I said: /t͡s/ and /ts/ are essentially the same thing - or at least are perceived by most people to be the same thing.

I made a statement and then immediately qualified it. It is a way of making a point. As I said above, not everyone agrees on how to characterise affricates. I am inclined to think, at least when it comes to /t͡s/ and /ts/, that any distinction is quantitative rather than qualitative, which is why I say “essentially” the same thing. It is not for nothing that <цар> is transliterated as <tsar>.

It is also necessary to consider whether one’s approach is phonetic or phonological. By “phonetics” I mean the study of the sounds used in human language. It is a “hard” science as ultimately the sounds of language can be described in quantities such as frequency and duration which can be measured objectively. By “phonology” I mean the study of sounds as used in human language which includes describing the sound systems of given languages. It is rooted in phonetics, but veers towards a “soft” science because it involves value judgements. A phonetic analysis of a stream of speech aims to describes the phones used, whilst a phonological analysis aims to describe it as a series of phonemes. In practice any given analysis may be a compromise.

Spectrographic analysis of speech has shown it is more complex than is capable of being perceived consciously by the human ear. For example, in /kʌp/ (<cup>) /k/ is “/k/ followed by /ʌ/”; /ʌ/ is “/ʌ/ preceded by /k/ and followed by /p/”; /p/ is “/p/ preceded by /ʌ/”. However, in /kæp/ (<cap>) /k/ is not “/k/ followed by /ʌ/”, but “/k/ followed by /æ/” and so on. This reminds us that, whilst we may think of a speech as a series of distinct phones, it is in fact continuous. Any division of the continuum is in the final analysis arbitrary.

A spectrogram is better at representing speech than a series of symbols which necessarily has to involve division into segments. Precisely how the segments are chosen and described is a matter of nomenclature on which not everyone is going to agree. An injection of pragmatism is required. Speech is a human thing and context needs to control your description. Once you start to move away from the level of detail afforded by spectrographic analysis you are going to get differences of opinion. Accordingly, asking if there is any justification in designating some sequences affricates and some consonant clusters is not unreasonable.

Without involving a native speaker, it is perfectly possible for a linguist to make a phonetic transcription of an utterance in a language he does not understand and then for another linguist who also does not understand the language to realise it. If the system is sufficiently accurate and the linguists sufficiently skilled, a person who speaks the same language as the person who made the utterance will consider the realisation to be native like.

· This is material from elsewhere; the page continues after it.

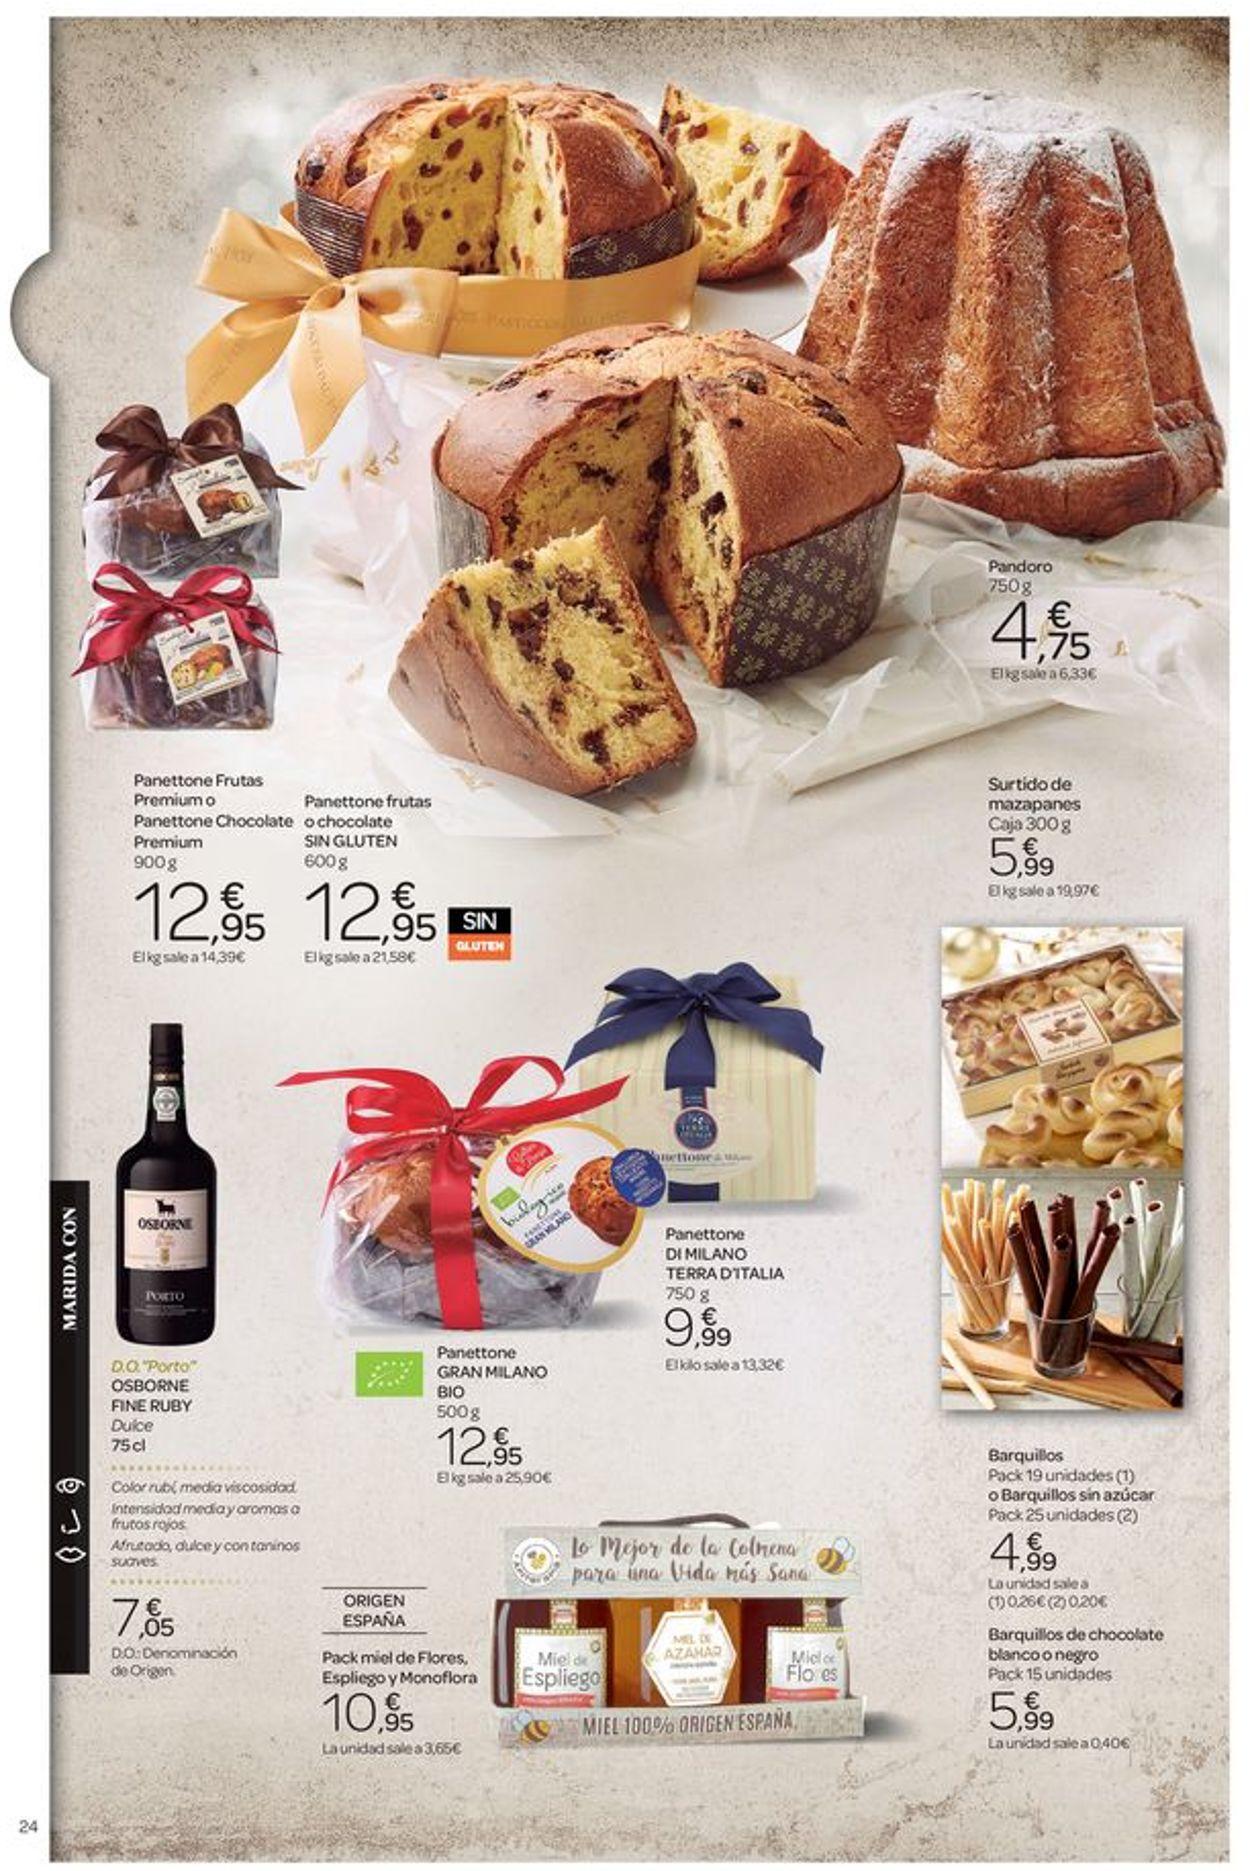 Carrefour Folleto - 03.12-31.12.2019 (Página 24)
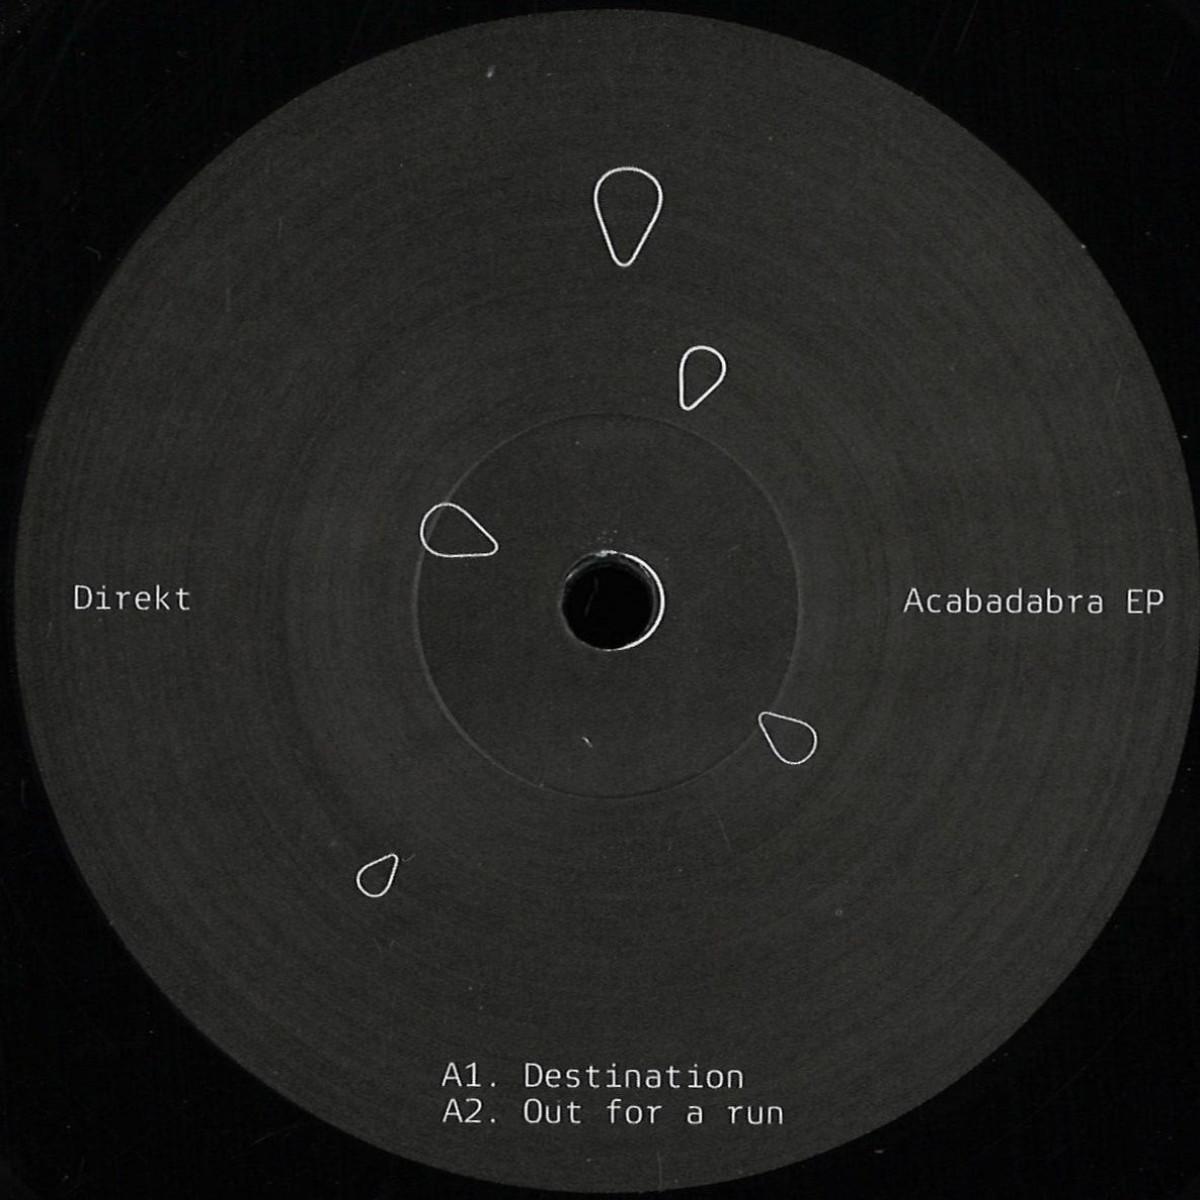 Direkt - Acabadabra EP [UVAR] 01

No human is capable of appreciating consciously all the minutiae of speech. A trained linguist or someone with an acute ear can pick up subtle differences. As for the rest, they will typically not realise that what they consider to be a single sound in their own language may have two or more allophones and also may not be able to perceive that what are allophones in their own language may be distinct phonemes in another. The whole thing is relative. Each language needs to be described in its own terms, but an untrained native speaker’s analysis of his own language runs the risk of being unreliable.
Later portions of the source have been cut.